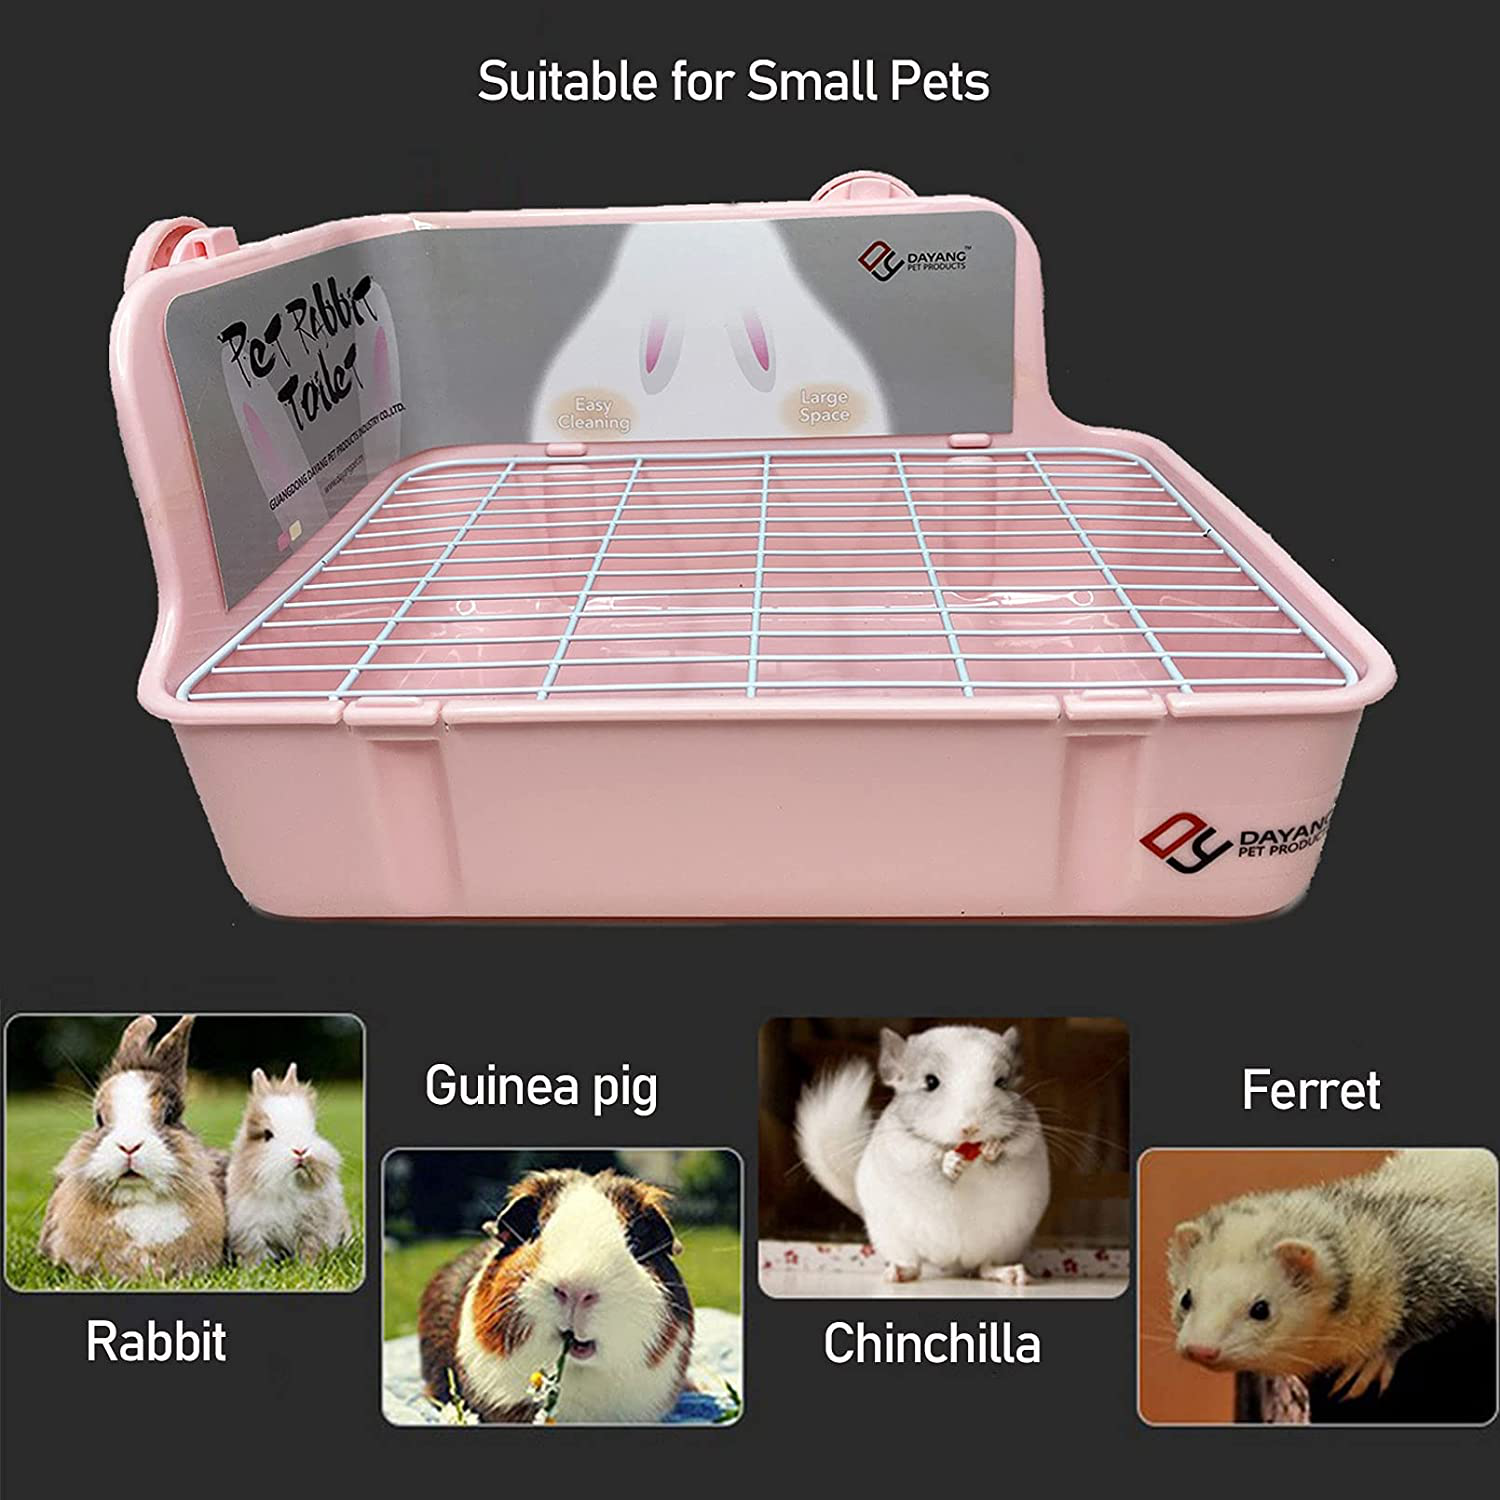 Kathson Rabbit Litter Box Toilet, Bunny Potty Trainer Corner Litter Pan Small Animal Disposable Liner Bedding Supplies for Guinea Pigs, Chinchilla, Ferret, Gerbil (Pink)
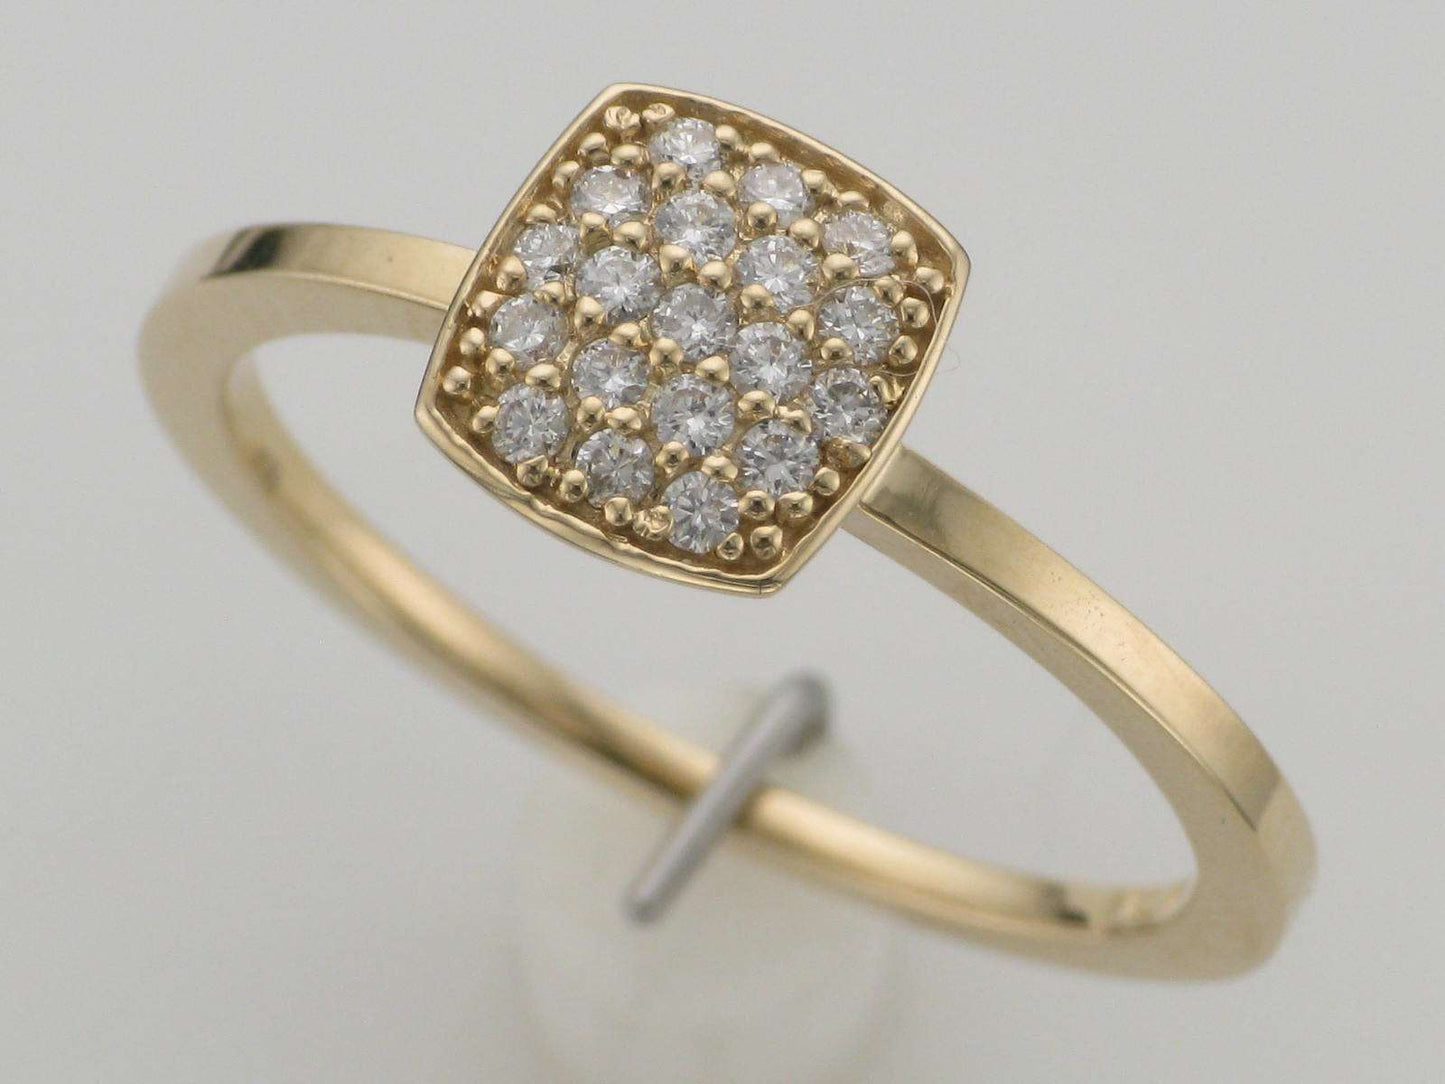 Diamond Fashion Rings - Women' - Diamond Fashion Rings - Women's
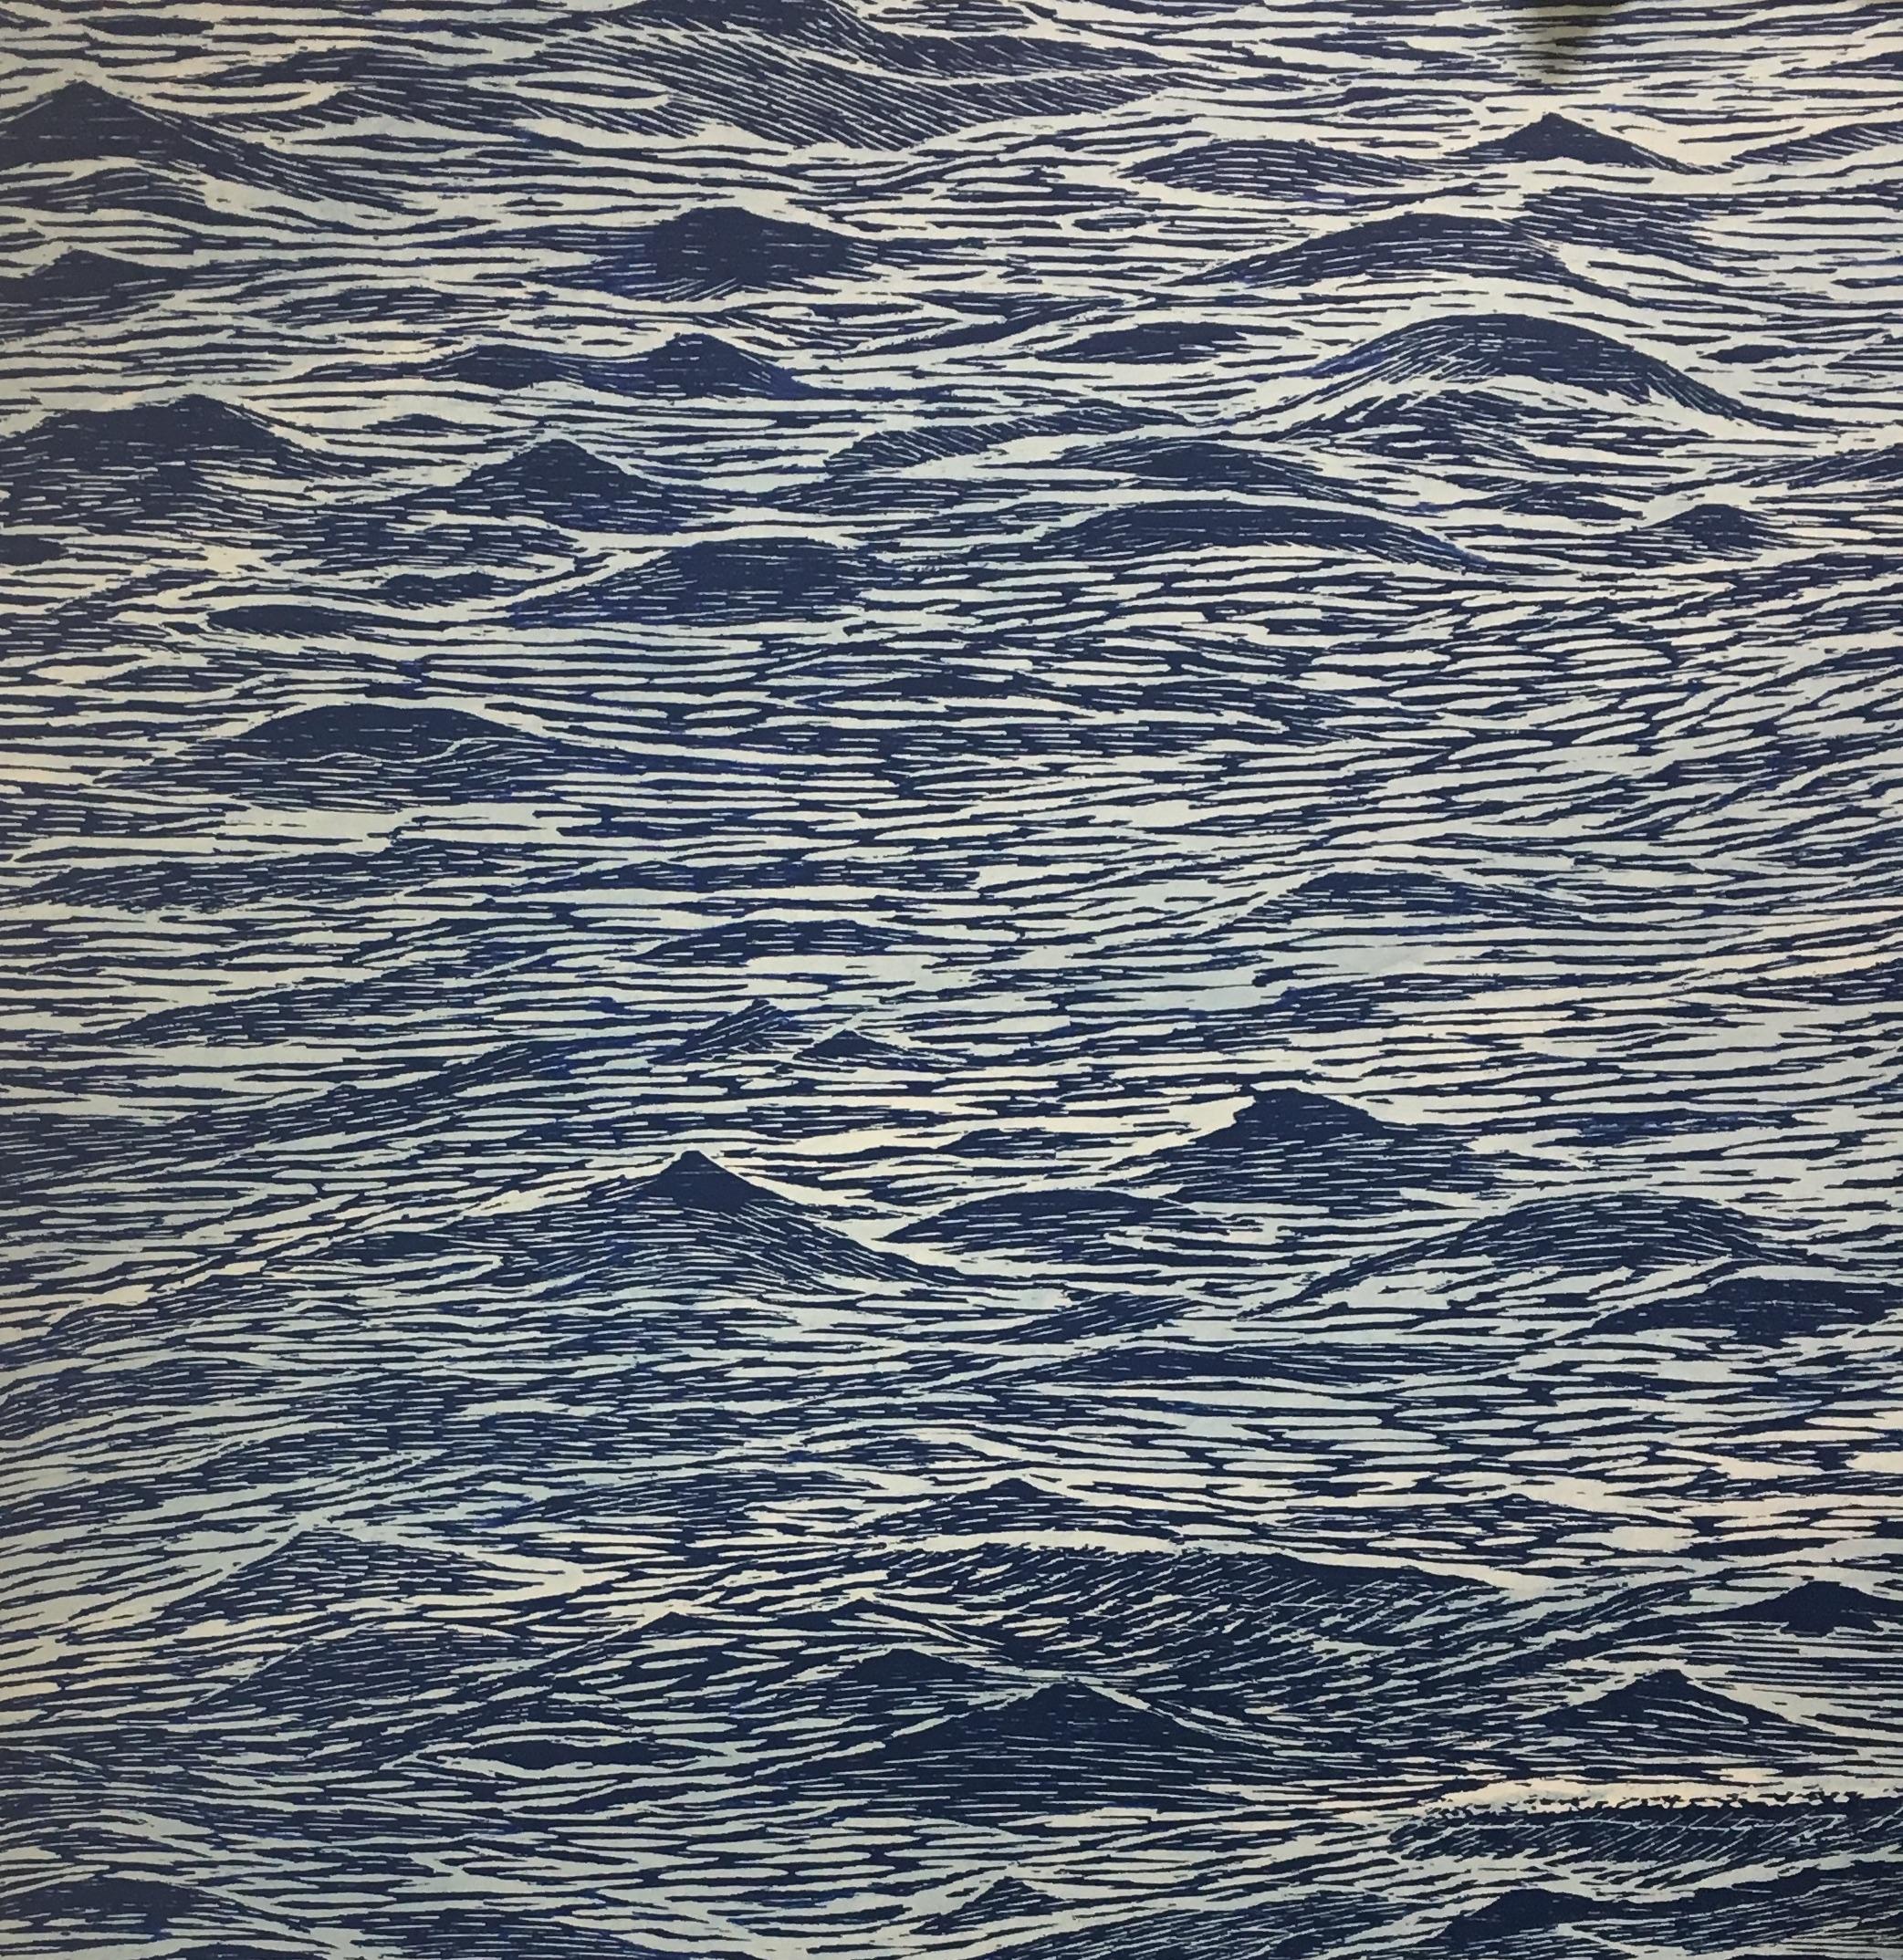 Seascape 24, Woodcut Print of Ocean Waves in Light Blue and Dark Cobalt, Navy 11
========================================
**Work instruction**
Starting at the line that contains "Diamond Fashion Rings - Women' - Diamond", output every line through the end of the data, both ends included, and nothing else; pictures stay out.

**Response below**
 Diamond Fashion Rings - Women' - Diamond Fashion Rings - Women's
 Seascape 24, Woodcut Print of Ocean Waves in Light Blue and Dark Cobalt, Navy 11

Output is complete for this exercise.